Mit Blick auf den Einsatzort ist Präzision geboten. Natürlich handelt es sich bei Afghanistan und Mali um Länder mit erheblichem Gefährdungspotential. Dies ist jedoch nur untergeordnet bis gar nicht an den Orten vorhanden, wo die Bundeswehr stationiert ist. In Mali sowie in Afghanistan (zeitweise mit Ausnahme des einstigen Feldlagers Kundus sowie der Außenposten Höhe 431 und 432) ist die Bundeswehr an Orten stationiert, deren Gefährdungspotential sich nicht nennenswert von dem der heimischen Kaserne in Deutschland unterscheidet. Der Grund hierfür ist nicht bei der Bundeswehr selbst zu finden, sondern bei den verantwortlichen Primaten in Gestalt des BMVg und des Parlaments. Dort hat sich eine Kultur des partei- und institutionsübergreifenden Unwillens ausgeprägt, das Militär entlang seines originären Verwendungszweck im bewaffneten Kampf einzusetzen (obwohl dies am Beispiel Mali nach der entsprechenden UN-Resolution sogar möglich wäre), bzw., sofern es außerplanmäßig in einen solchen gerät, diesen als das zu bezeichnen was er ist. Für beides finden sich in den Nuller- und Zehnerjahren eine Reihe von Belege.

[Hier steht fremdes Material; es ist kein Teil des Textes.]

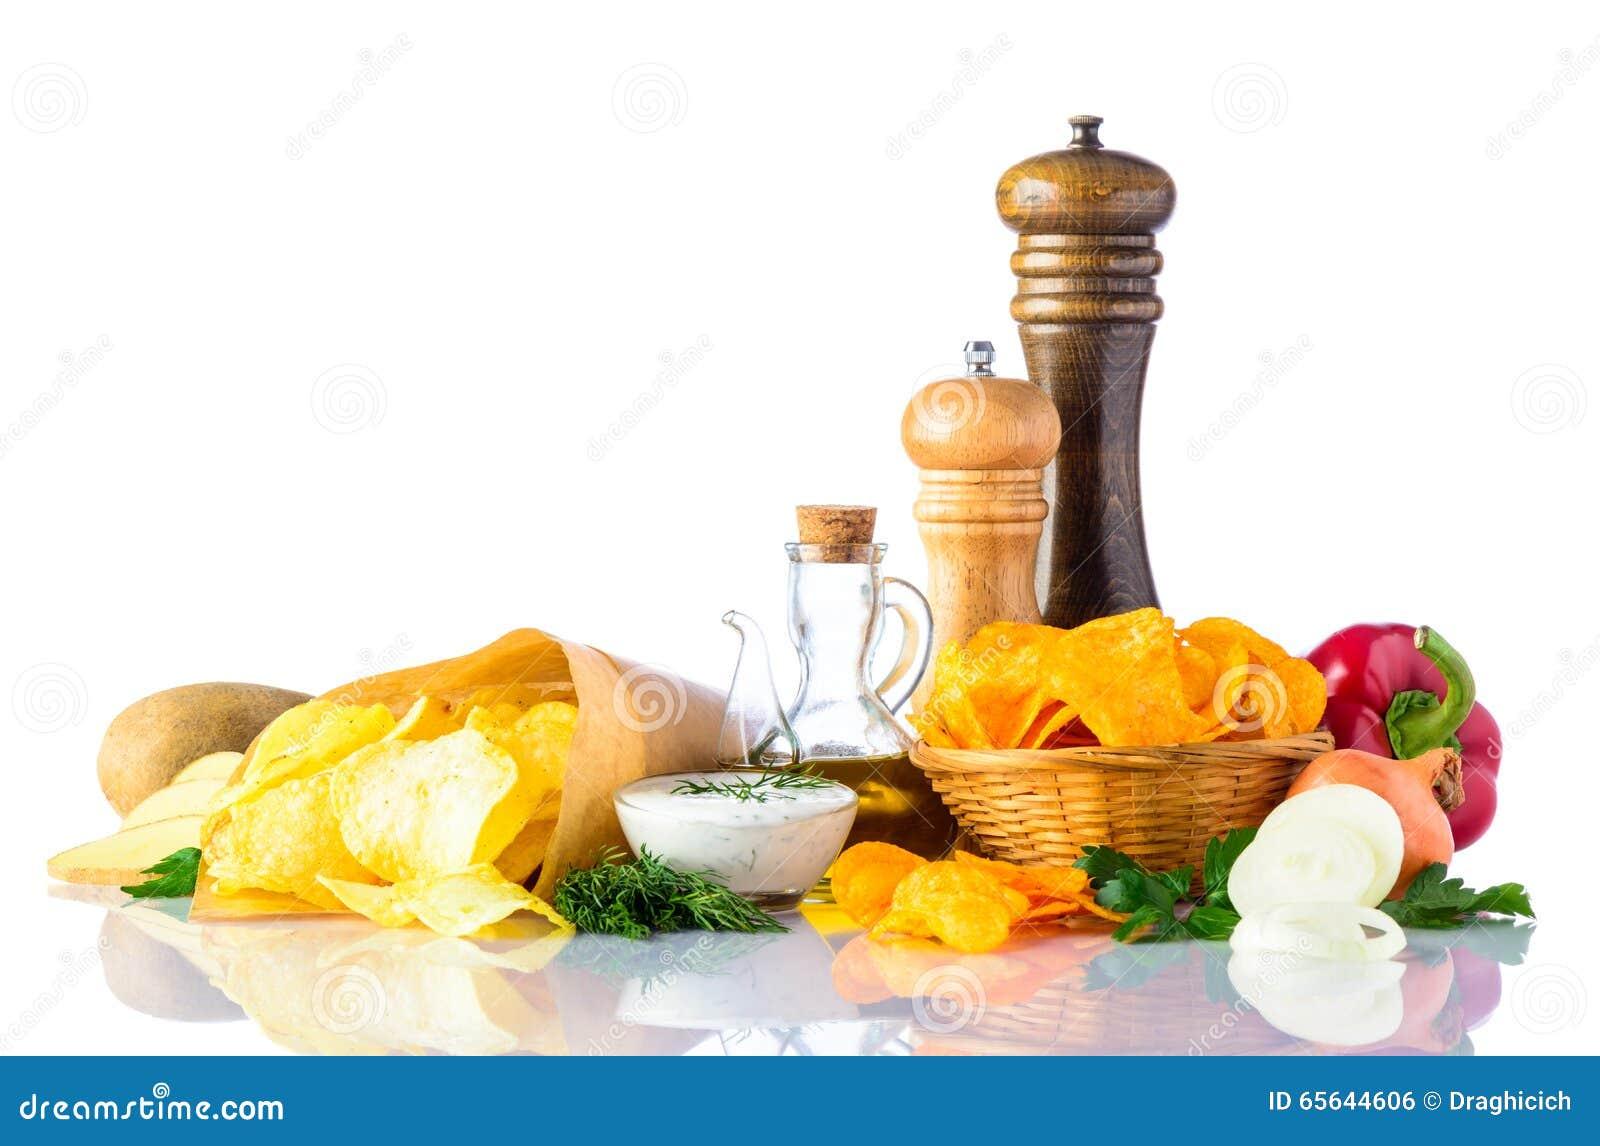 Pommes chips et ingrédients sur le fond blanc

Hatte man Sorge, die überwiegend ohnehin teilnahmslose Bevölkerung aufzuschrecken? Angesichts der Präsenz in den Nachrichten wohl kaum. Wäre es bei rein verbalen Relativierungen geblieben, hätte man vielleicht über diese hinwegsehen können und sie als Teil eines Entwicklungsprozesses verbuchen können. Die Sprache scheint jedoch Ausfluss eines Unwillens gewesen zu sein, der sich gleichsam in materieller Hinsicht manifestierte. So kam es der von staatlicher Seite gerne bemühten Gleichsetzung Deutschland und Friedensmacht ganz grundsätzlich nicht zu passé, mit schwerem Gerät Gefechte zu führen. Die Angst um diesen Status, der gleichsam moralische Überlegenheit verschafft kulminierte, als in der Folge eines von einem deutschen Oberst befohlenen Luftschlages am 4. September 2009 ca. 100 Menschen getötet wurden. Tumultartige Zustände im Bundestag, einträchtig flankiert von medialen Vorverurteilungen waren die Folge (Anmerkung: Das Ermittlungsverfahren gegen den Oberst wurde eingestellt, es kam nicht einmal zu einer Anklage).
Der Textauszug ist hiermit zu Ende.